Maeve stared after him, her chest tight. She had wanted to ask him something—whether he was afraid, whether he believed they could survive—but the words had stuck. Seralyn shifted closer to her bow, drawing comfort from the familiar weight of it. Deren muttered something under his breath and reached for the ale again.
But none of them admitted what they all felt.
Tomorrow, they would bleed.
Kaelen's chamber was small, barely more than a bed shoved against the wall and a narrow table littered with candle stubs. The window overlooked the streets where drunken gamblers shouted wagers for tomorrow's fights. He sat on the edge of the bed, sword laid across his knees again, staring at it as though it might explain the day.
His hand drifted along the hilt. That faint hum, that living thrum beneath the steel, answered his touch. Not in words, not in thought—but in presence. Something older than him, older than this city, stirred within it.
Kaelen closed his eyes. He thought of Lyra. Her laugh. The fire in her eyes when she dared him to climb higher, run faster, sneak deeper into the forbidden library beneath their village. Her lips, warm against his, the night everything had ended.
A year. Almost a year since her kiss, since her death. And here he was, about to step into a pit where death was spectacle, where every scream was a coin tossed into the air.
"Would you hate me for this?" he whispered. "For fighting… for killing… just to survive?"
The sword gave no answer. The silence stretched, though the hum lingered, steady, pulsing.

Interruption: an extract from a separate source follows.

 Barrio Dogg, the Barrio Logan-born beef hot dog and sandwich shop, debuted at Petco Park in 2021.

Kaelen drew in a slow breath and leaned his head back against the wall. He remembered the Hollow Spire, the night winds howling through broken stone, the relics he had found buried in dust and shadow. A place of sacrifice, they said. A place where even the gods had turned away.

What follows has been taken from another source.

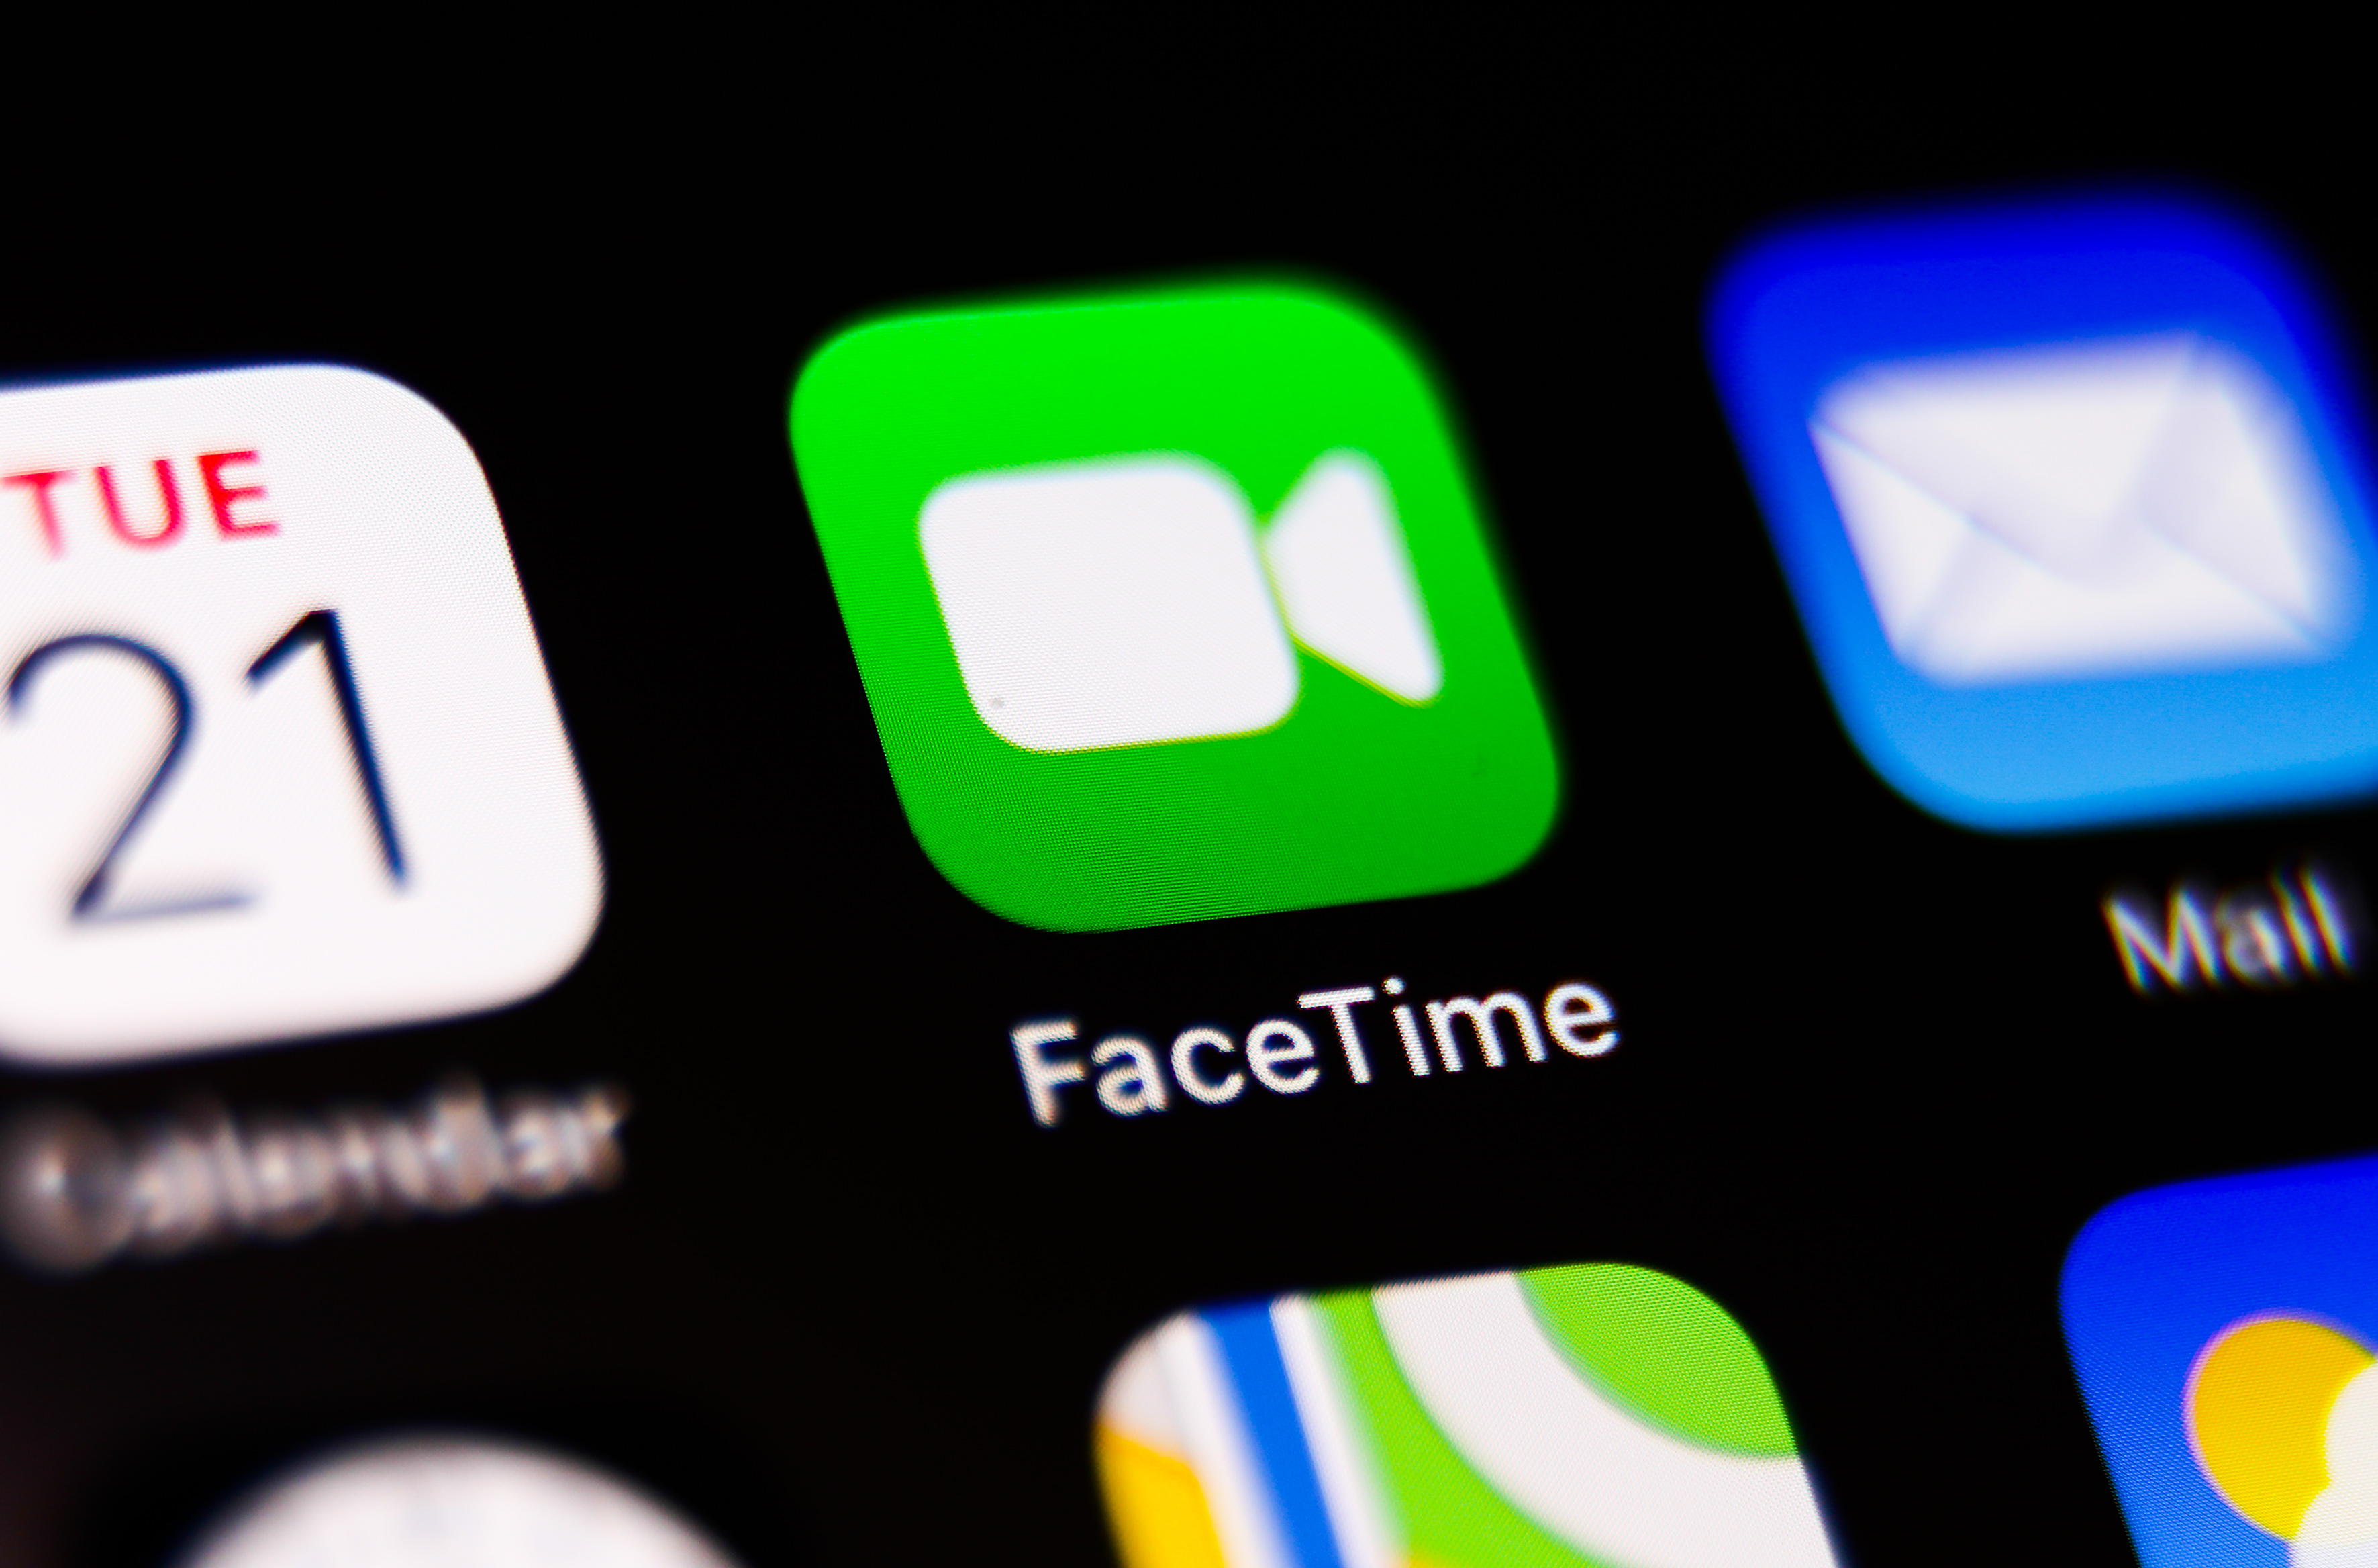 FaceTime: how to leave a voice or video message when your call goes unanswered

And yet, in its darkness, the sword had chosen him.
Outside, the drunken chants rose again. A wordless rhythm, pounding like war-drums, like blood rushing to feed something vast and hungry.
Kaelen gripped the sword tighter. He did not know it yet, but somewhere far beyond the tournament grounds, shadows shifted in satisfaction. This was only the beginning, and unseen hands were moving him toward something far greater—and far darker—than survival.
Kaelen exhaled, opened his eyes, and blew out the candle. The room fell into shadow.
The first day had been nothing more than the opening wound.